The kind of sparsely-displayed, high-end fashion boutique that gets enough mark-up from one pair of shoes to pay fixed costs for the morning is set fair for the socially-distanced future.
But pile-'em high Primark is a different matter. For many shoppers - young women spring to mind - the social experience is the point: otherwise, they'd be online, and to a growing extent, they will be. A structural change for the retail sector is only likely to accelerate through this crisis.
But do we have to ration access to mainstream shops? You might have to book your time in a shopping mall, or to visitor attractions? These were among the questions raised on Thursday at an online conference run by the Resolution Foundation think tank.
Business grandee Adair Turner was taking part, suggesting that visitor attractions may have to sell tickets in advance to control numbers - not just for buildings but for popular outdoor destinations. If that seems a huge constraint of the individual freedom to roam, he pointed out, then the alternative has quickly come to be our reality - no access at all.
Dilemmas
The think tank published a report with some startling projections of the economic impact of lockdown continuing for three, six or 12 months. The good news is that they assume interest rates remain low, and so does inflation. Then the bad news starts:
Total economic output, or gross domestic product, would fall during 2020, by, respectively, 10%, 20% or 24%. That scale of decline hasn't been seen in Britain for more than three centuries - before it was Britain.

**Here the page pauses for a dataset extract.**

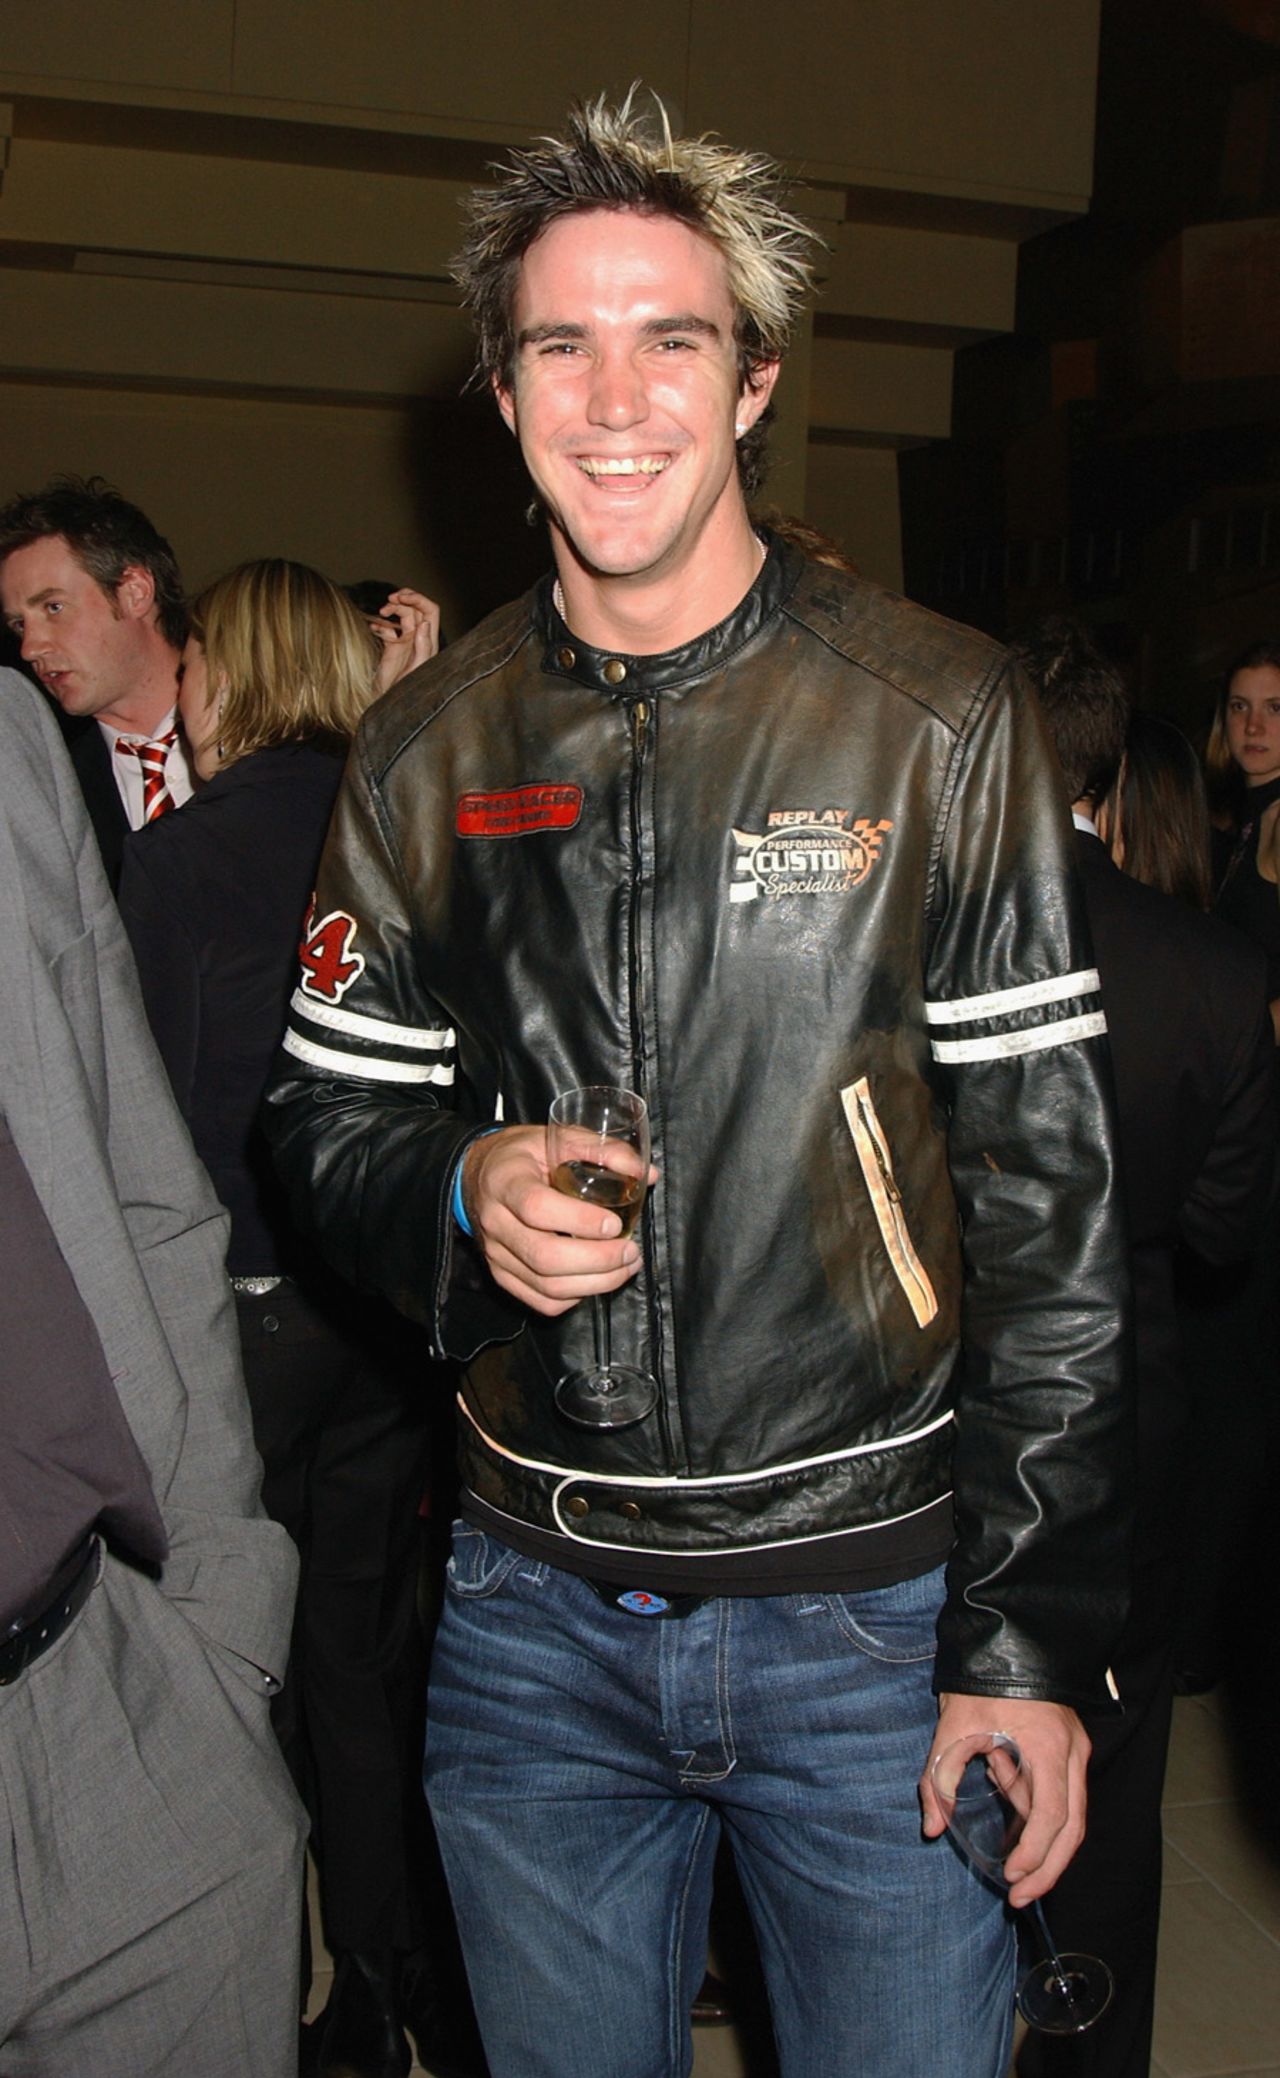 Kevin Pietersen at a party for the launch of Piers Morgan's memoirs, London, March 9, 2005

Allowing for a rebound of the economy as it opens up again, the long-run loss to output would be a 3% hit, or 5% or 7% for a full year of lockdown. It's reckoned that we wouldn't catch up with the pre-lockdown output for up to five years.
Unemployment would rise to 1.9m (that's 5.4% of adults aged up to 65), or 4.8m if this continues for six months (14.1% of the workforce) or after 12 months, 7.2m would be out of work (20.8% of the workforce).
The size of the deficit, which reached 11% in the worst of the financial crunch, is projected at 11% in a three-month lockdown, 22% for six months (higher than any point in peacetime) and 38% for a full year. That's more than ever borrowed in a single year, and would push the debt up to more than double its pre-crisis level as a multiple (no longer a fraction) of total annual output.
There are lots of important points to take from this, but take two for now. One is that the longer the lockdown goes on, the more damage it does.
But it's not as simple as double the number of weeks meaning double the impact. Four months in lockdown would have more than twice the effect of two months, as the latter two months of that would see many more firms running out of cash, and more of them turning to the government for support.
The other point is that the exit strategy really matters in shaping how painful this turns out to be. And if the government wants to take the public with them into the next stage, of gradual unwinding of constraints, it must surely be open about the choices, dilemmas and trade-offs it faces.